Go through the listing below and output exactly the line with "wedding-beachdance (1 of 1).jpg", the line with "Emporio Armani Baskılı", and each line between; omit the rest.

> **Material to process**
━━━━━━━━━━━━━━━━━━━━

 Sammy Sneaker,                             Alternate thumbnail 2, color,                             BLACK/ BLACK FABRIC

━━━━━━━━━━━━━━━━━━━━

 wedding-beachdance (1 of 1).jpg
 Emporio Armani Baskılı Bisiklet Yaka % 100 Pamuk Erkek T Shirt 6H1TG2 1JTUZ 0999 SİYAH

━━━━━━━━━━━━━━━━━━━━

> **Task response**
 wedding-beachdance (1 of 1).jpg
 Emporio Armani Baskılı Bisiklet Yaka % 100 Pamuk Erkek T Shirt 6H1TG2 1JTUZ 0999 SİYAH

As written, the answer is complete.